My original gel badge was approximately 40mm long and 10mm high. I stuck it to the lower right hand corner of the rear number plate and in this position it was clearly seen but unobtrusive. I had to have my number plates changed and unfortunately forgot to remove the badge beforehand, so I ordered another from the shop. When it arrived it is twice the size of the original and I cannot find anywhere to fit on the car that I like, so my question is, are the original sized badges still available and if so how do I obtain one?

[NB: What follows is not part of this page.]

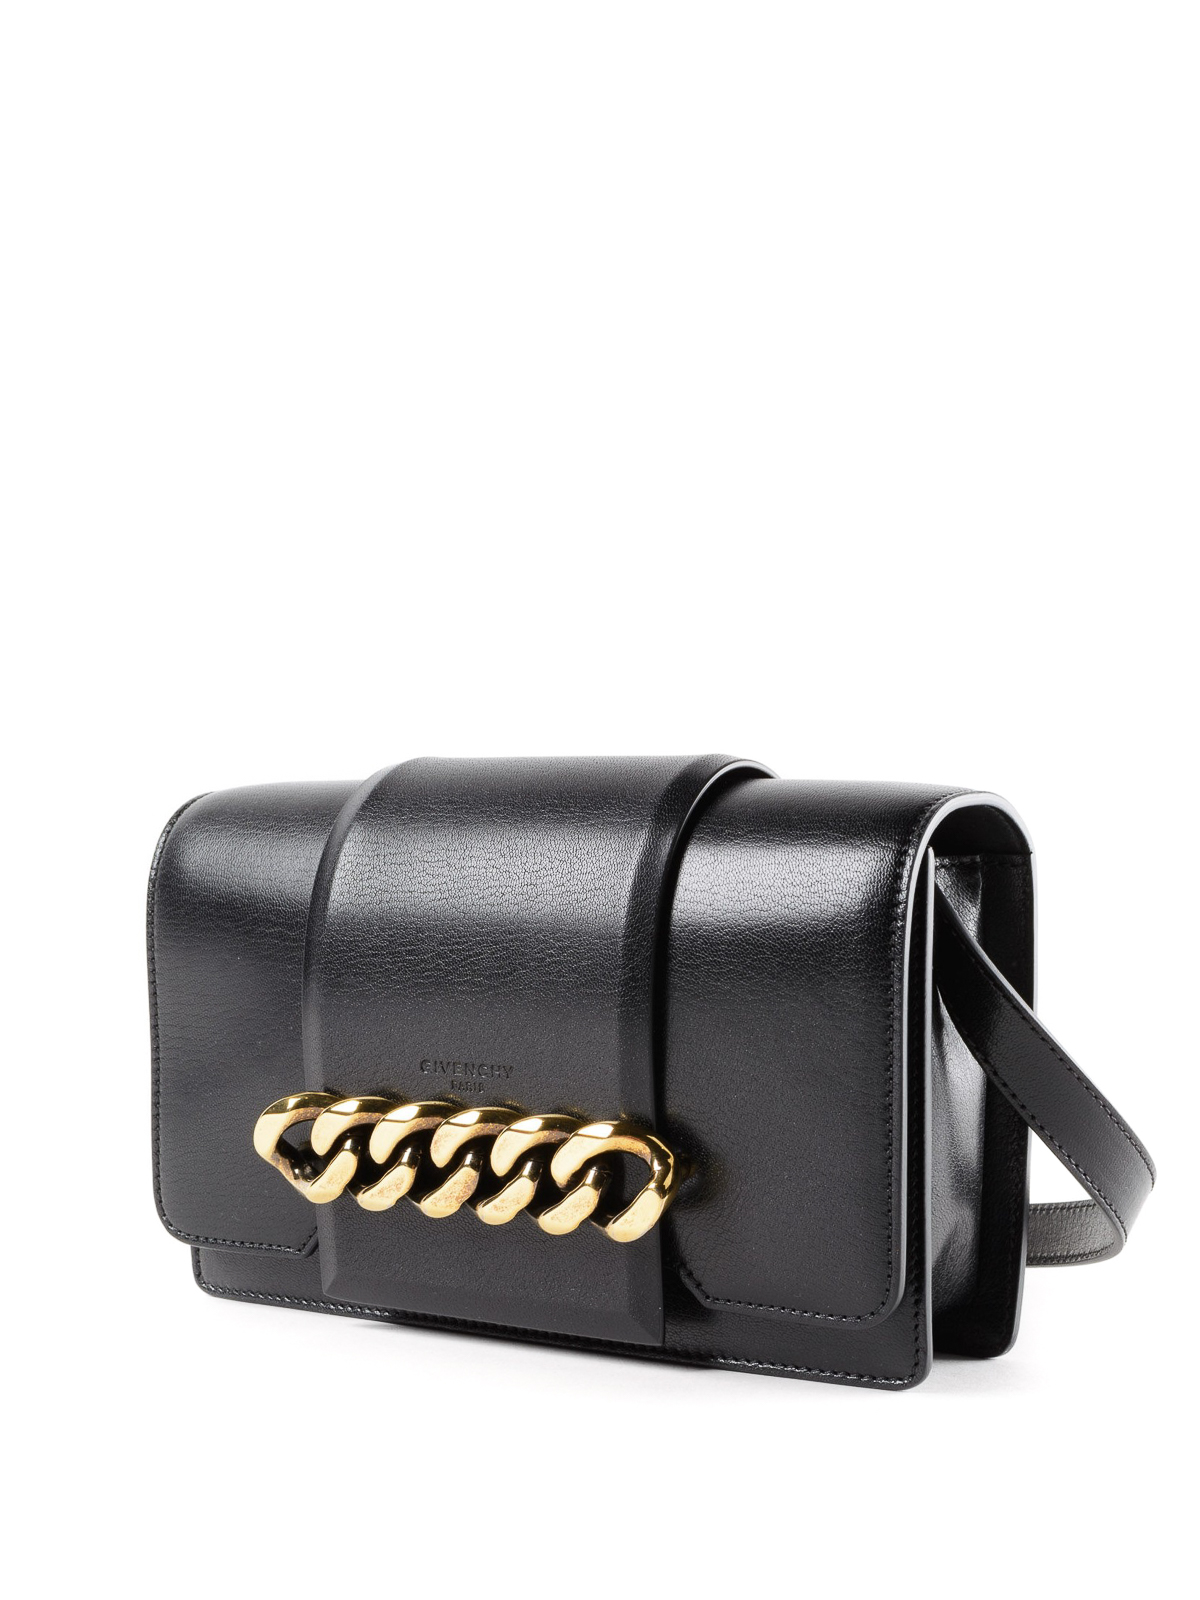 givenchy infinity chain shoulder bag

Original badge and placement -









Replacement Badge -


----------



## IC_HOTT (May 29, 2010)

did you get a source for the smaller badge Jim ?


----------



## Wallsendmag (Feb 12, 2004)

Sorry I thought I'd replied , we haven't any left :?


----------



## YoungOldUn (Apr 12, 2011)

Wallsendmag said:


> Sorry I thought I'd replied , we haven't any left :?


Not the answer I wanted as I cannot find anywhere to stick the large one that I like :? so I will rephrase the question -

Will you be getting any more of the smaller ones ?


----------



## Wallsendmag (Feb 12, 2004)

Not at the momemt as we buy in bulk now and there are a large number in the loft.


----------